About this exercise: Which lines in the records below hold the word "color"? Copy each of them.

Supplied material:
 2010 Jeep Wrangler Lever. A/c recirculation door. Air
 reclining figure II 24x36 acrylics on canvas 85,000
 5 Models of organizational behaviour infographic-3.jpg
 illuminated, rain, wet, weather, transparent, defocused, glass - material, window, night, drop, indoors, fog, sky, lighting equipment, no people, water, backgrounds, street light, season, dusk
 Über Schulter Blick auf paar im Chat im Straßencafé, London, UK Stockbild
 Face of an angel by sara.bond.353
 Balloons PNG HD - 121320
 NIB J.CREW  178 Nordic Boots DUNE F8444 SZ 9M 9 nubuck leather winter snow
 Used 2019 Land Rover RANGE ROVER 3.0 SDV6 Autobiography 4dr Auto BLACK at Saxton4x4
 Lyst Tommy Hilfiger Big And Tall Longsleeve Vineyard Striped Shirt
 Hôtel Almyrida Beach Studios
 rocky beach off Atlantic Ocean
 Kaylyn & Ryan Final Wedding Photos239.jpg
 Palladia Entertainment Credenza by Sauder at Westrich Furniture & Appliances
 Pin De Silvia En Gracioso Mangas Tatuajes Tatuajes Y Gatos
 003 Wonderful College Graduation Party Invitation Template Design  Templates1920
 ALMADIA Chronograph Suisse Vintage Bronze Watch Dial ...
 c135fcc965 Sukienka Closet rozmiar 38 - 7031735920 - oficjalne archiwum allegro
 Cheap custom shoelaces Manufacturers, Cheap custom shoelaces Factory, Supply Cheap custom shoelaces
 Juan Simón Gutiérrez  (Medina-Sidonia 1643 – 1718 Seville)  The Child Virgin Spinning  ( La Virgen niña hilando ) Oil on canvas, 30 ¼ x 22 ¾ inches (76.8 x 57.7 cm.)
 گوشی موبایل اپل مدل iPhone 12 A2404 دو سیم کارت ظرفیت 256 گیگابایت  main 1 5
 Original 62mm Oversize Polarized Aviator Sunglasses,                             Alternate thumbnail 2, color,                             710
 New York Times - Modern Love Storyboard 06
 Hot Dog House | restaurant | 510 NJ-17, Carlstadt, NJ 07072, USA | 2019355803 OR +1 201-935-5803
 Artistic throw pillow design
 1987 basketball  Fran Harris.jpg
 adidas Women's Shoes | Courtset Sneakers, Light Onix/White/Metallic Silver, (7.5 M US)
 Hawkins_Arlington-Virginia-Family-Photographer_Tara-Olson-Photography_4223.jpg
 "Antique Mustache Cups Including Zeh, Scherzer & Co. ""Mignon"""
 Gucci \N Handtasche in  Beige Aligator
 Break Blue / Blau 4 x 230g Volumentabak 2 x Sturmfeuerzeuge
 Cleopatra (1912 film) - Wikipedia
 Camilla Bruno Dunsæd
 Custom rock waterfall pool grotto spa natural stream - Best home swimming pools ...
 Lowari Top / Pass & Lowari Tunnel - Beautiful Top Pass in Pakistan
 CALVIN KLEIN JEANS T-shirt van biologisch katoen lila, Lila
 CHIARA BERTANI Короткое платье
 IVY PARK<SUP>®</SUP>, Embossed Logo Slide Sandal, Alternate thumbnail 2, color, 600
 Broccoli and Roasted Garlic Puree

Response for this exercise:
 Original 62mm Oversize Polarized Aviator Sunglasses,                             Alternate thumbnail 2, color,                             710
 IVY PARK<SUP>®</SUP>, Embossed Logo Slide Sandal, Alternate thumbnail 2, color, 600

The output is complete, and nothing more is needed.